The best speech of all, perhaps, was that of the peasant Kiselyov, a Trudovik, at the 26th session of the Second Duma (April 12, 1907). In contrast to the “state point of view” of the liberal petty bureaucrat, he emphasised the fact that “our government’s entire domestic policy, which is actually controlled by the landlords, is directed to keeping the land in the possession of its present owners” (1943). The speaker showed that that was the reason why the people were kept “in abysmal ignorance”, and then he went on to deal with the speech delivered by the Octobrist, Prince Svyatopolk-Mirsky. “You have, of course, not forgotten the horrible things he said: ‘Abandon all idea of increasing the area of peasant landownership. Preserve and support the private owners. Without landlords, our backward and   ignorant peasant mass would be a flock without a shepherd’. Fellow-peasants, need anything be added to this to make you understand what these gentlemen, our benefactors, are hankering after? Is it not clear to you that they are still longing and sighing for serfdom? No, shepherd gentlemen, enough.... The only thing I would like is that the words of the noble Rurikovich[4] should be well remembered by the whole backward peasantry of Russia, by the whole of the land of Russia; that these words should burn, within the heart of every peasant and light up more brightly than the sun the gulf that lies between us and these uninvited benefactors. Enough, shepherd gentlemen.... Enough. What we need is not shepherds, but leaders; arid we shall find them without you, and with them we shall find the road to light and truth, the road to the promised land” (1947).

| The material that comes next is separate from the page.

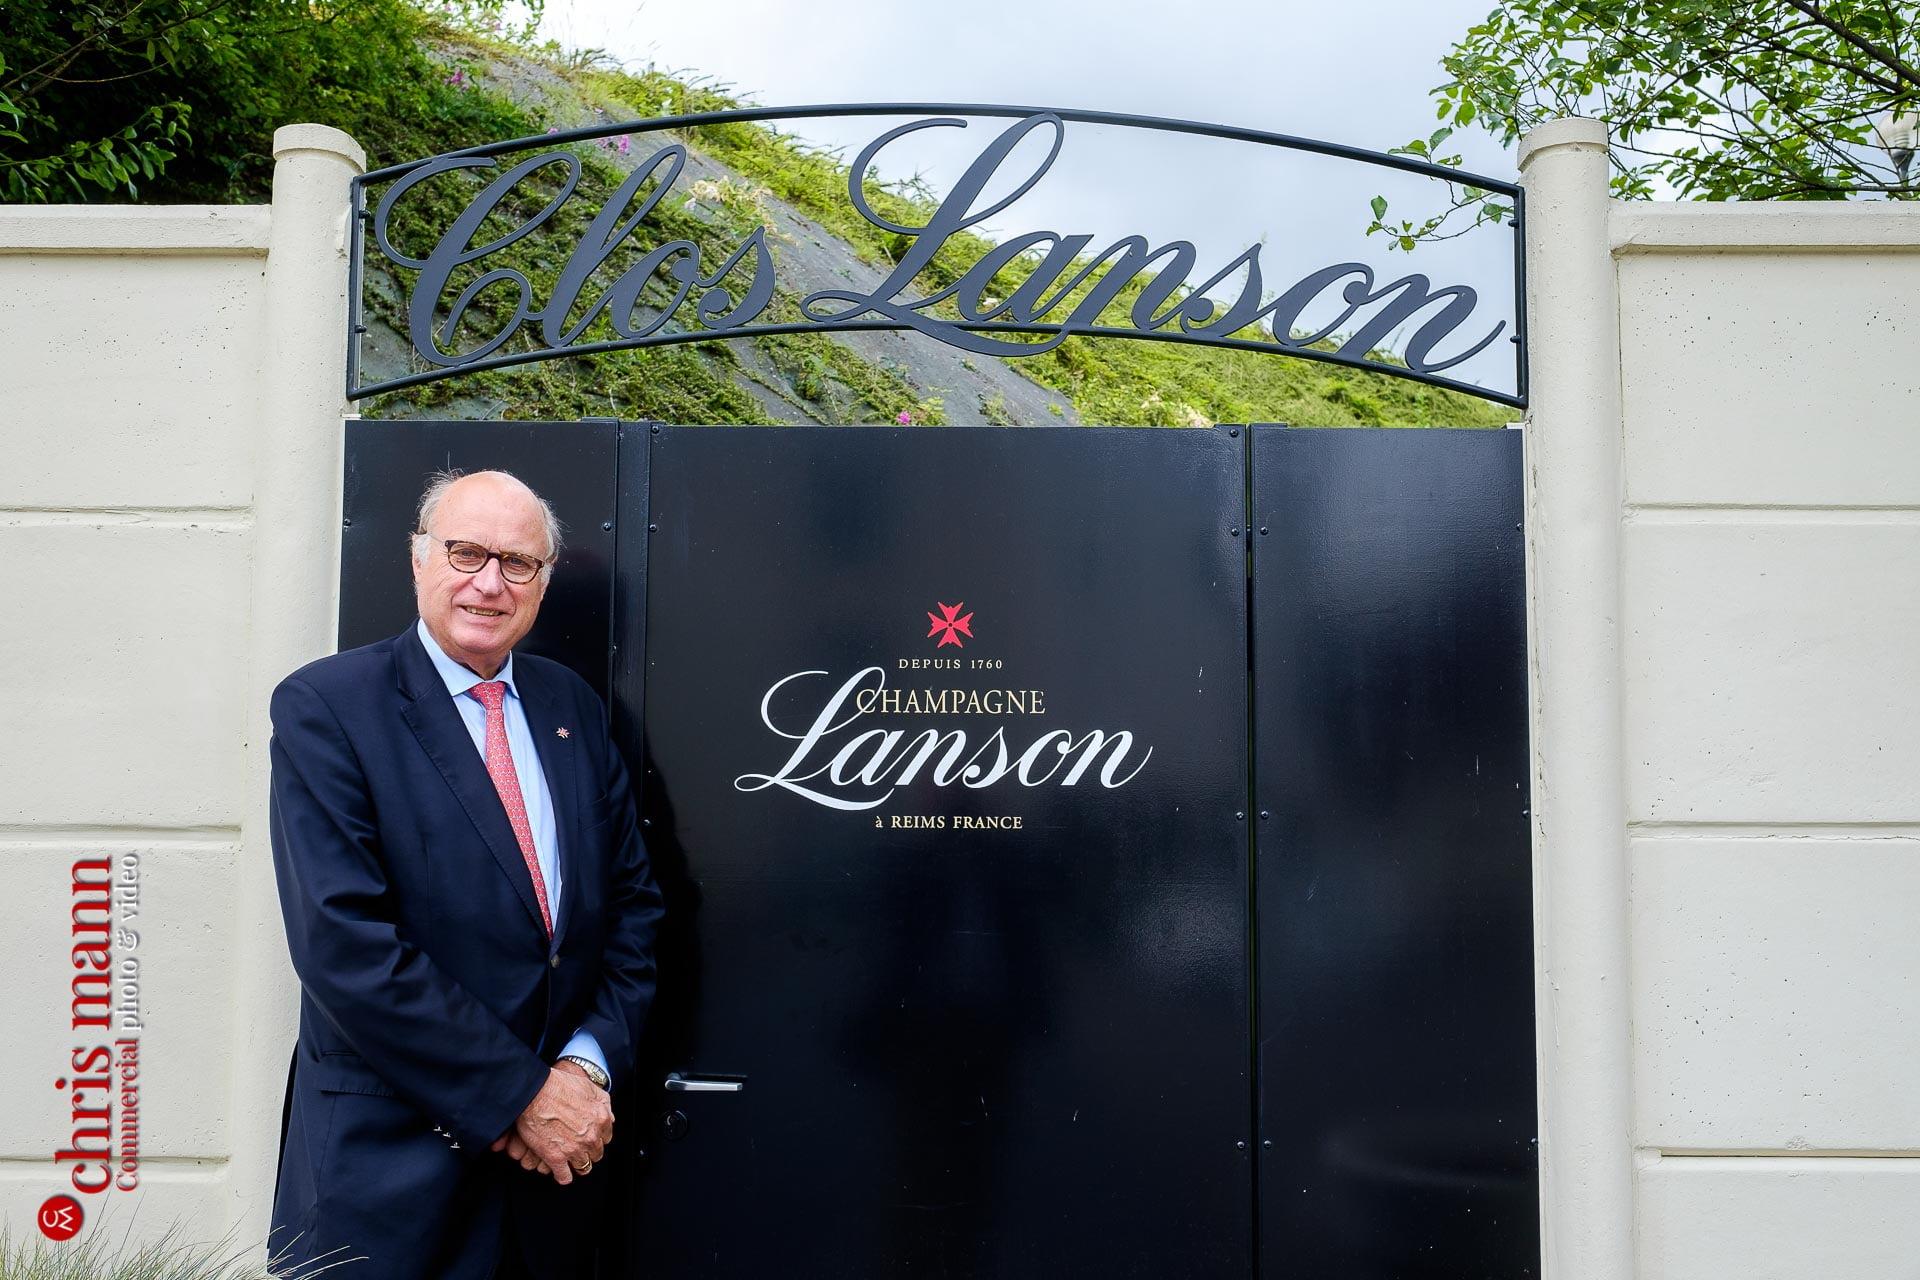 Lanson CEO Philippe Baijot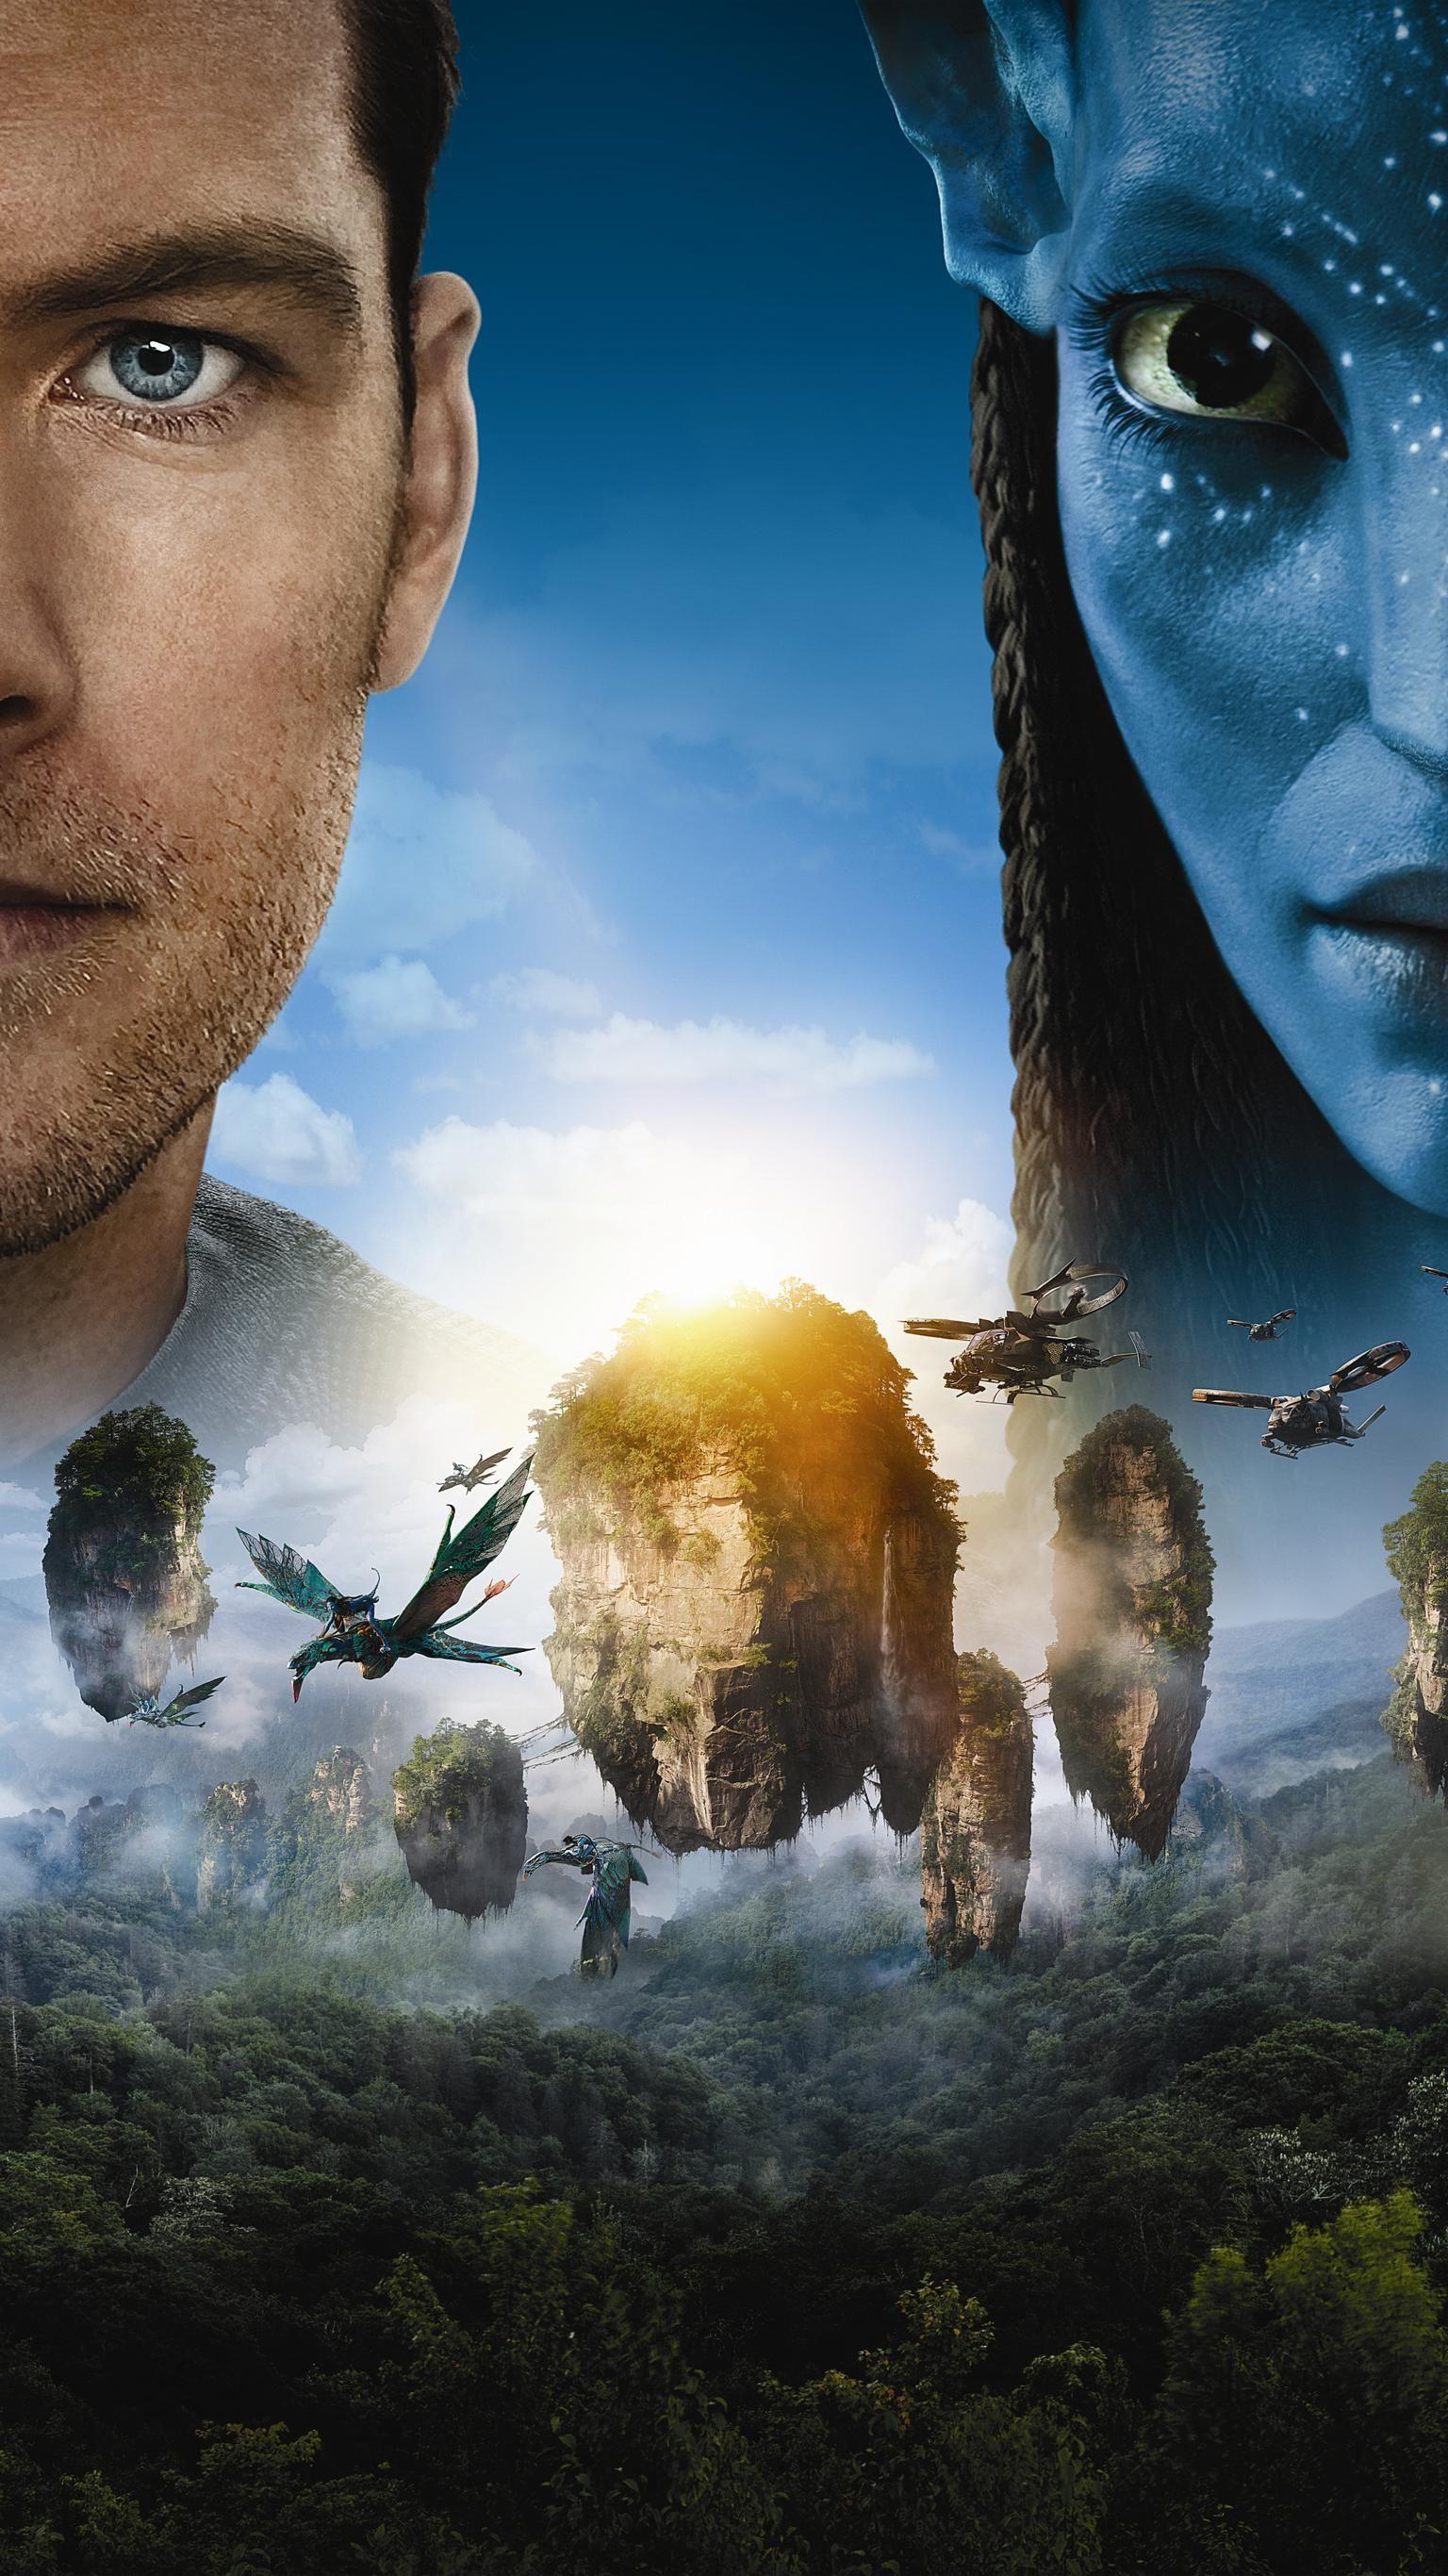 Avatar 2009 Phone Wallpaper Moviemania Avatar Movie Phone Wallpaper Avatar

The Trudovik has exactly the same standpoint as the revolutionary bourgeois who is under the delusion that the nationalisation of the land will bring him to the “promised land”, but who is fighting devotedly for the present revolution and detests the idea of limiting its scope: “The Party of People’s Freedom rejects the just settlement of the agrarian question.... Gentlemen, representatives of the people,. can a legislative institution like the State Duma, in its actions, sacrifice justice to expediency? Can you pass laws knowing in advance that they are unjust?... Are the unjust laws our bureaucracy has bestowed upon us not enough that we ourselves should make still more?... You know perfectly well that, for reasons of expediency—the need to pacify Russia—punitive expeditions have been sent out and the whole of Russia has been proclaimed in a state of emergency; for reasons of expediency summary military tribunals have been instituted. But tell me please, who among us goes into raptures over this expediency? Have you not all been cursing it? Do not ask, as some here have done: ‘What is justice?’ [The speaker is evidently referring to the Cadet landlord Tatarinov who, at the 24th session, on April 9, said: “Justice, gentlemen, is a rather relative term,” “justice is an ideal towards which we are all striving, but this ideal remains” (for the Cadet) “only an ideal, and whether it will be possible to achieve it is still an open question for me.” 1779.] Man is justice. When a   man is born—it is just that he should live, and to live it is just that he should have the opportunity to earn his bread by his labour.”...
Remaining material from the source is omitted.